What data compression algorithm should be used when archiving log files?

R

Ramid Salmanov2019-01-01 17:41:23

Data archiving

Ramid Salmanov, 2019-01-01 17:41:23

The task is to write a log file archiver. There
are a lot of data compression algorithms and each has its own specification.
How to determine which data compression algorithm should be used to archive a file that has a lot of duplicate elements?

Reply

Answer the question

In order to leave comments, you need to log in

4 answer(s)

Z

Zettabyte, 2019-01-01
@Zettabyte

Of the "traditional" Linux, BZIP2 compresses best.
It will be even better to compress LZMA (7-Zip), in it you set the maximum size of the dictionary for which you have enough memory, set the word size to the maximum.
Also test PPMd with the same settings up, this algorithm is also in 7-Zip.

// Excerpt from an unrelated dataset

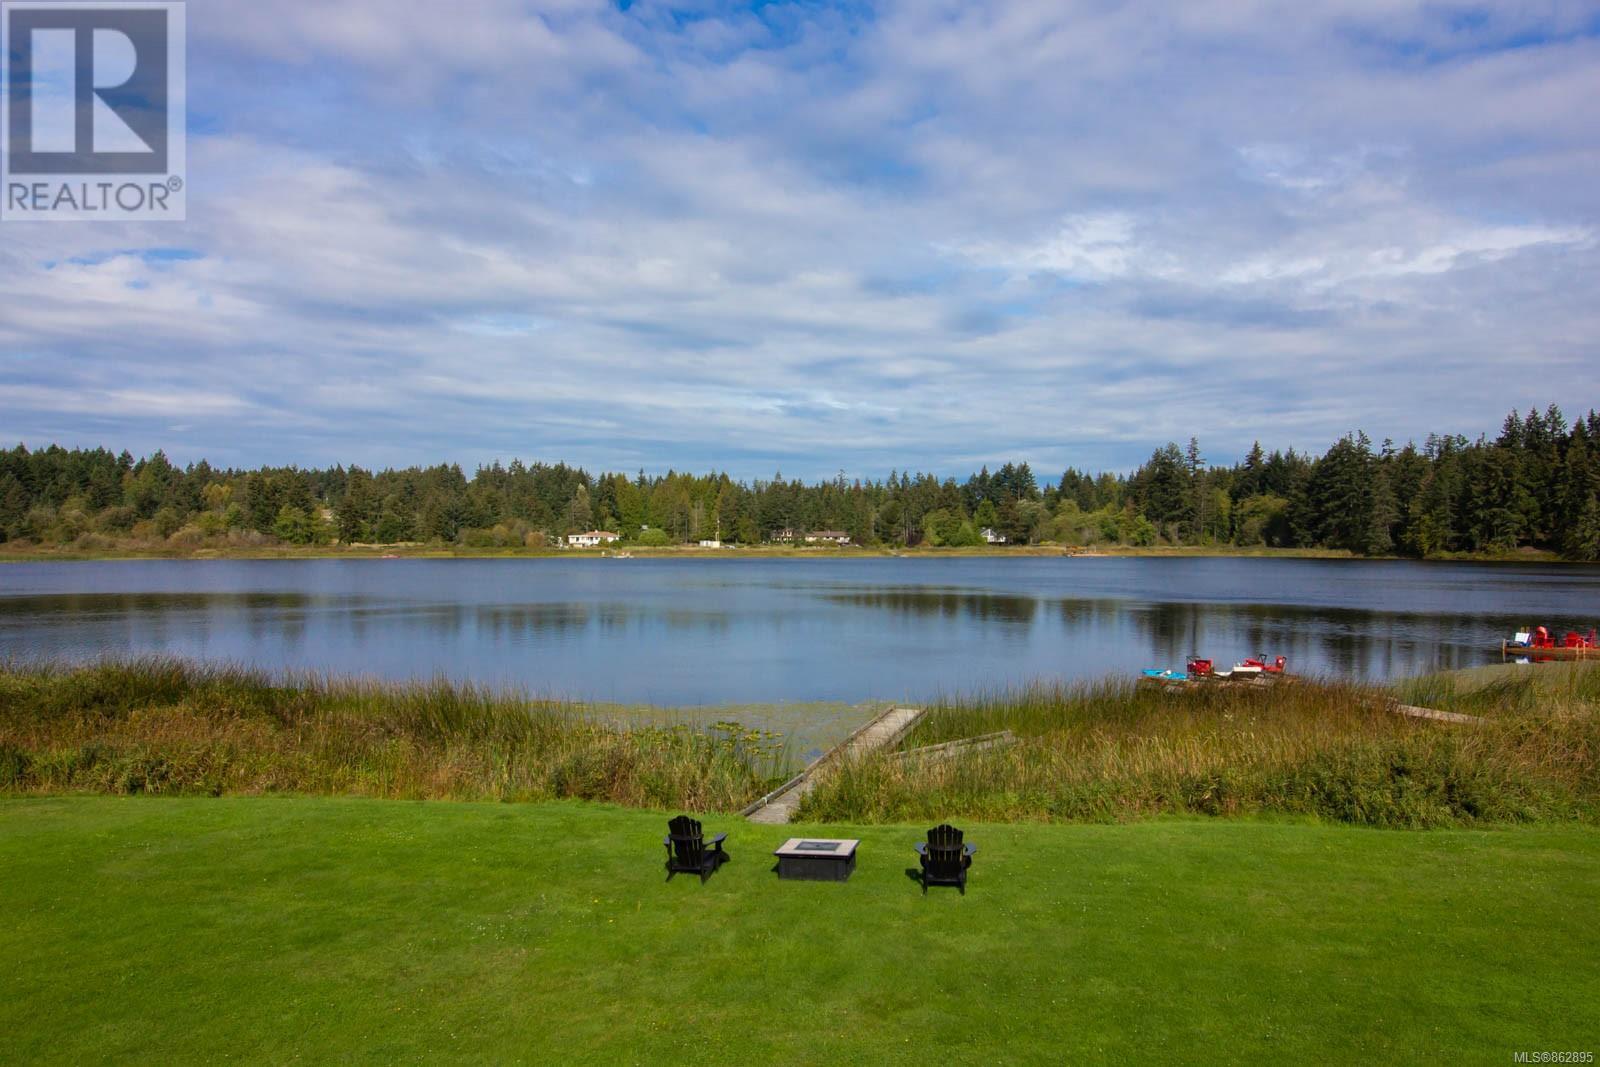 6690 Jenkins Rd, Nanaimo, British Columbia  V9T 6G8 - Photo 29 - 862895
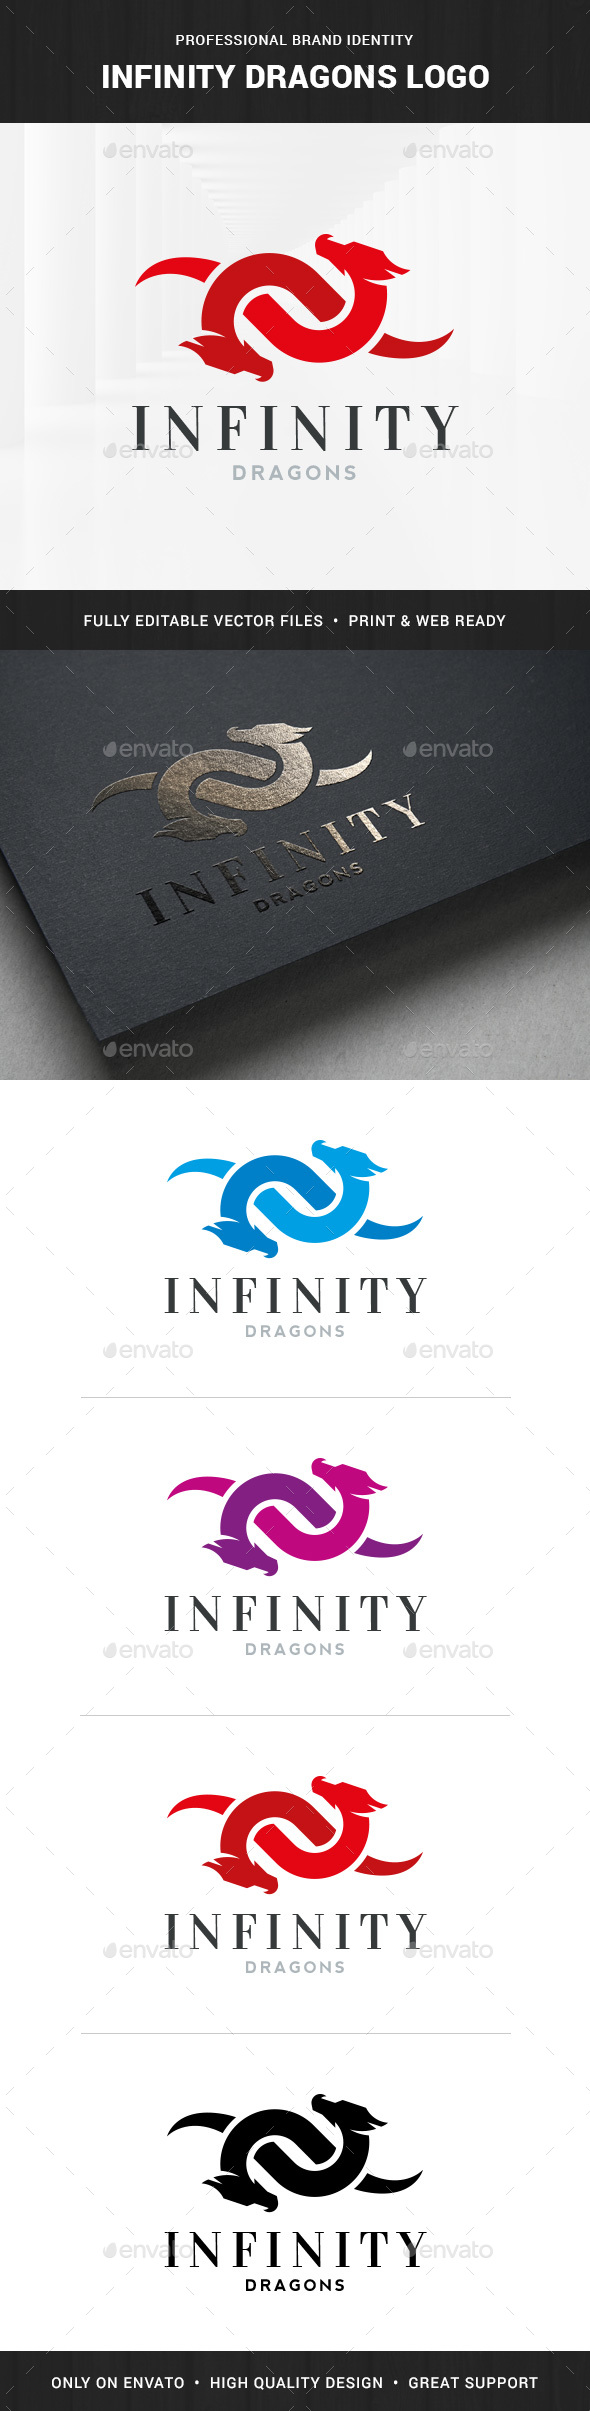 Infinity Dragons Logo Template

I have not used it for a long time and did not read anything, but before it was good for texts and logs.
The 4th WinRAR had a preset specifically for texts and logs, check it out as well (I don't know if it was preserved in the 5th version).
Well, read MaximumCompression, there will surely be an algorithm that will easily drive everyone higher, but will work for half a day.

S

Saboteur, 2019-01-02
@saboteur_kiev

"The task is to write a log file archiver"
"There are many data compression algorithms and each has its own specification.
How to determine which data compression algorithm should be used to archive a file that has a lot of repeated elements?"
In your task, I do not see the requirements to write an ideal log file archiver.
In addition, writing at least the simplest archiver is already a non-trivial task for a beginner, and judging by the question, you are a beginner.
What I can suggest is my guess what your teacher wanted, but for this you need to understand the principles of dictionary compression algorithms - when you analyze a file, find something similar in it, make a dictionary of similar parts and compress using this dictionary.
So - in the case of compressing several files, you can use the dictionary of the first file to compress the second, and so on.
In archivers, this is called a solid archive.
Its advantage is its smaller size.
The disadvantage is that when unpacking one specific file (for example, the last one), you will have to unpack all the previous ones.

R

Roman Mirilaczvili, 2019-01-01
@2ord

Typically, the GZip compression algorithm is used.
bzip2 compresses better but is slower. And it will be best to compress xz (LZMA).
If Linux, then there is the logrotate program and then you don’t have to invent anything. She compresses in gzip and rotates the logs.

D

dmshar, 2019-01-01
@dmshar

If this is a real task, then it is pointless to write something yourself. Take ready-made ones, check them on real log files, compare, draw conclusions, launch the best one in production.
If this is a learning task - just to learn how to implement archivers - then study existing algorithms and implement any of them. Anyway, your educational implementation will be worse than the available commercial ones. Therefore, no one in their right mind will compare them.